Derrière ces chiffres nationaux se cachent des disparités, et "les académies, déplore la Cour des comptes, n'ont pas les mêmes moyens et outils pour affecter et remplacer". Ainsi, si des académies attractives, comme Clermont-Ferrand, Besançon, Bordeaux, la Corse, Toulouse et Montpellier, remplacent les absences de longue durée à plus de 95%, Paris est l'académie qui remplace le mieux (98,3%) alors que son attractivité est plutôt faible. De même, Amiens et Nancy-Metz, malgré une attractivité faible et un taux d'absence assez élevé, ont un bon taux de remplacement de longue durée (96,3% et 95%). L'efficacité du remplacement est moyenne à Créteil (94,2%), académie la moins attractive, et Rennes, académie la plus attractive (94,3%). La Cour des comptes fait alors remarquer qu'au sein d'une même académie, certains territoires présentent un défaut d'attractivité pour les enseignants en raison, par exemple, du coût du logement, de l'éloignement des centres urbains et des difficultés de transport, ou encore d'un contexte économique et social dégradé. 
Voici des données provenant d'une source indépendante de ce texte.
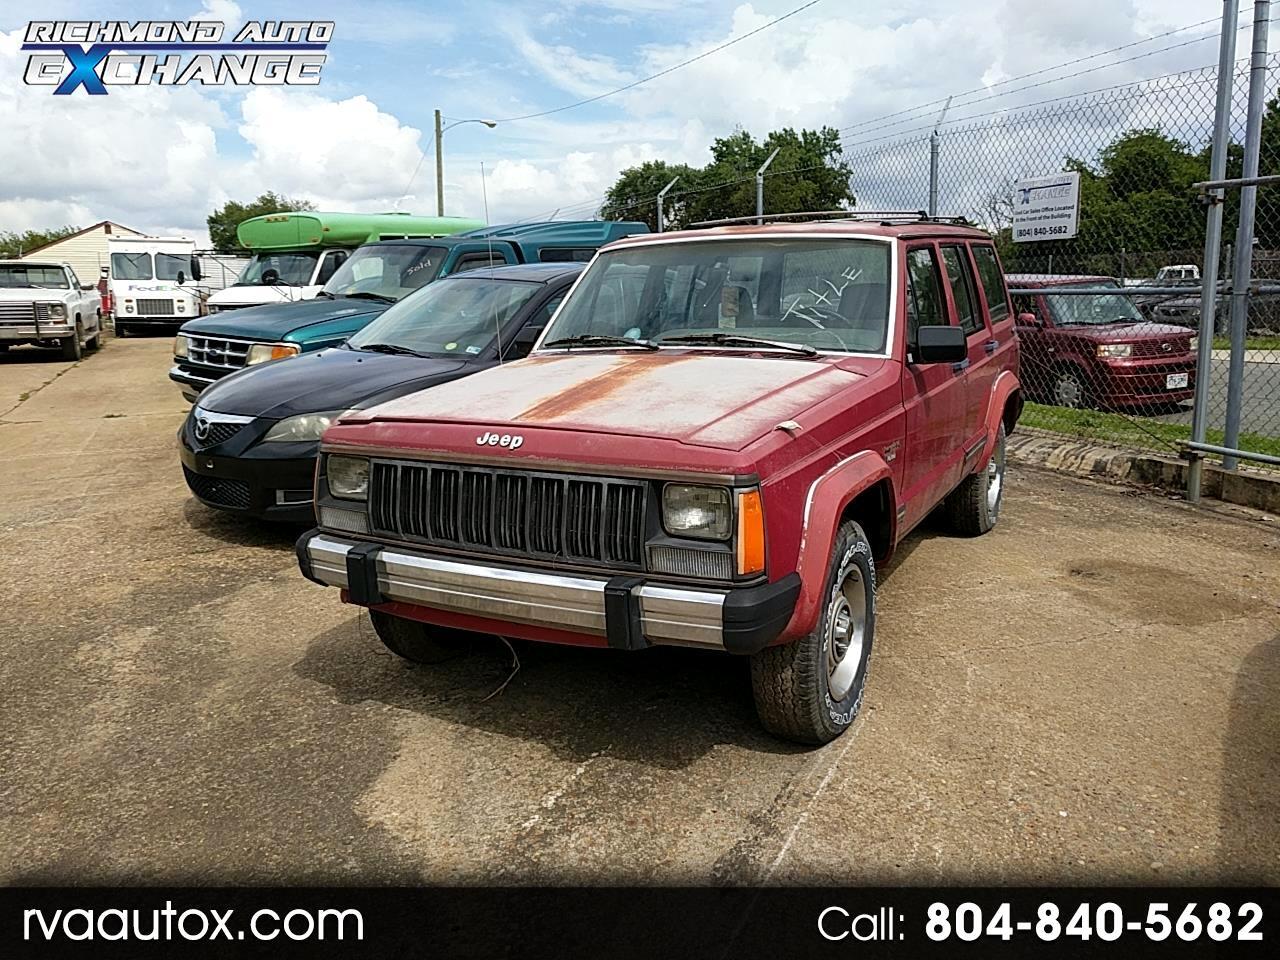 1989 Jeep Cherokee Pioneer 4-Door 4WD

De ces inégalités territoriales à l'intérieur même des académies, il résulte qu'en 2023-2024, les collégiens de l'éducation prioritaire ont perdu 11% des heures d'enseignement, contre 8% dans les collèges hors éducation prioritaire. Pour expliquer cette inégalité, la Cour des comptes ajoute au défaut d'attractivité de certains territoires le fait que les enseignants exerçant en éducation prioritaire sont plus souvent arrêtés pour raison de santé en raison de conditions de travail plus difficiles, et se forment davantage en raison des besoins spécifiques des élèves accueillis.
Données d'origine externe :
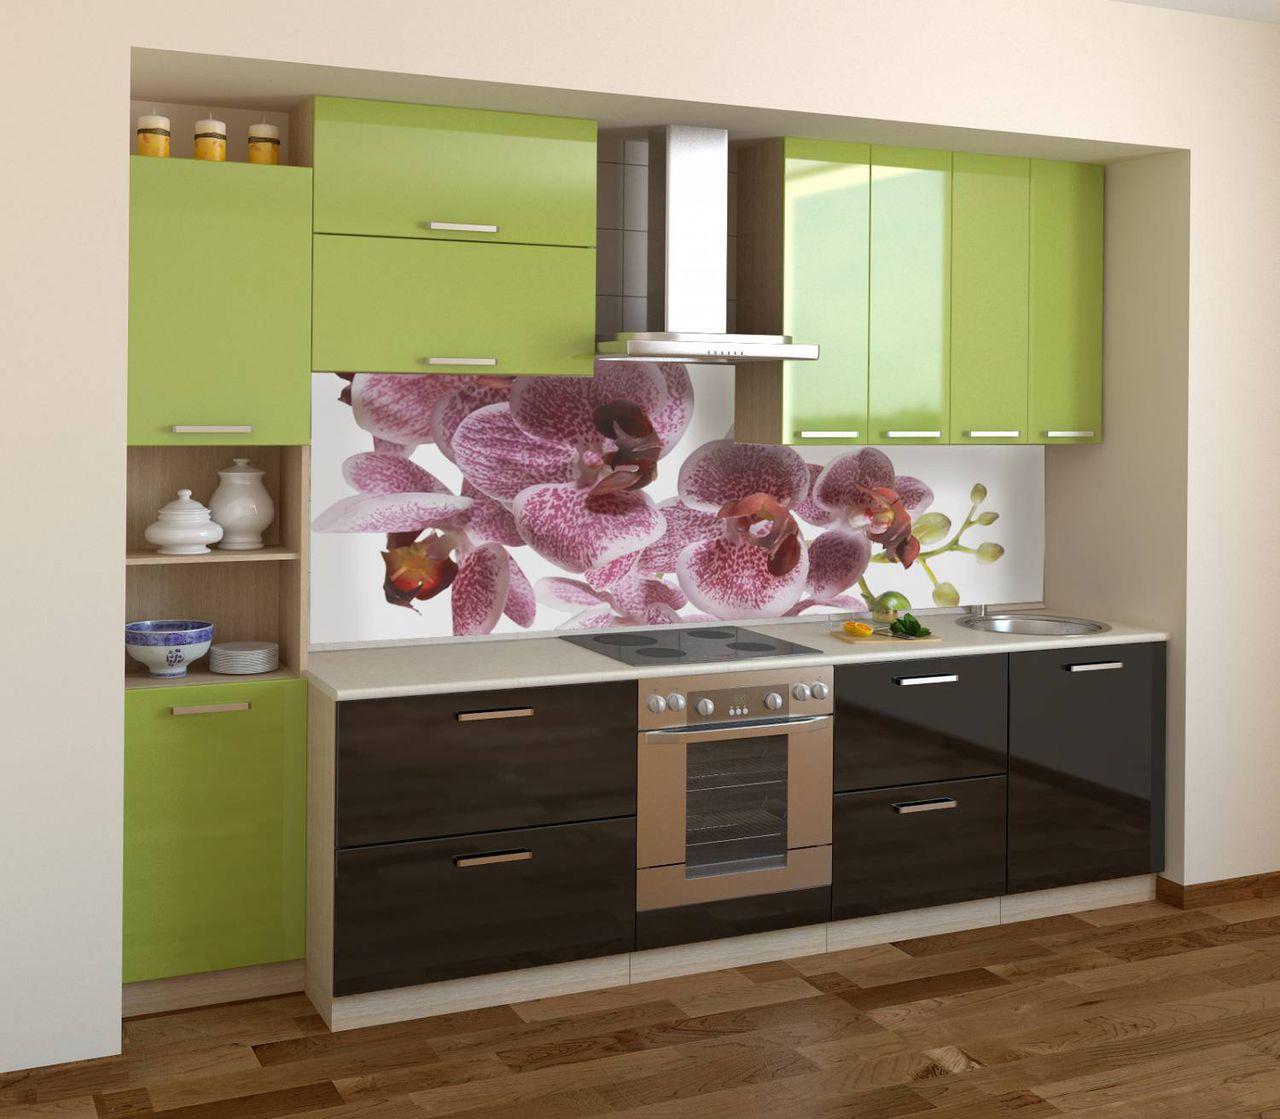 Каталог скинали для кухни скачать совет дизайнера как выбрать стеновую панель для кухни

Des enseignants disponibles mais pas de budget

Plus globalement, les moyens budgétaires – alloués chaque année à chaque académie par le ministère de l'Éducation nationale – explique une bonne part des remplacements ou non-remplacements. "Des absences de longue durée ne sont parfois pas remplacées, non pas du fait d'un défaut de candidat, mais parce que les moyens alloués aux suppléances ne sont pas suffisants pour répondre à l'ensemble des demandes", souligne la Cour des comptes. Elle ajoute que "cette situation peut concerner tant les établissements publics que les établissements privés sous contrat, {où] le remplacement est particulièrement tributaire des crédits alloués à la suppléance". Le secrétariat général de l'Enseignement catholique a d'ailleurs fait savoir récemment que des recours gracieux avaient été formés auprès de l'académie de Créteil après que six cents heures de cours n'ont pas été remplacées depuis la rentrée de 2025, alors les enseignants suppléants nécessaires étaient disponibles.

Après avoir conclu qu'"il existe une corrélation, certes de faible ampleur mais significative, entre le temps d'enseignement non assuré et la réussite éducative", la Cour des comptes émet dix recommandations. Parmi celles-ci, on note la nécessité de mieux mesurer et piloter le temps d'enseignement perdu par les élèves au collège, de mieux prévenir les absences d'enseignants et de mieux informer les familles, mais surtout de mieux mobiliser le vivier d'enseignants. La cour préconise ainsi de remplacer la règle d'affectation nationale qui s'applique à l'issue des concours internes par une affectation académique, de promouvoir la bivalence en autorisant l'enseignement d'une seconde matière aux enseignants qui en font la demande, et enfin de développer dès la rentrée 2026 des mesures ciblées en matière de logement et d'action sociale afin de compenser le manque d'attractivité de certaines zones déficitaires.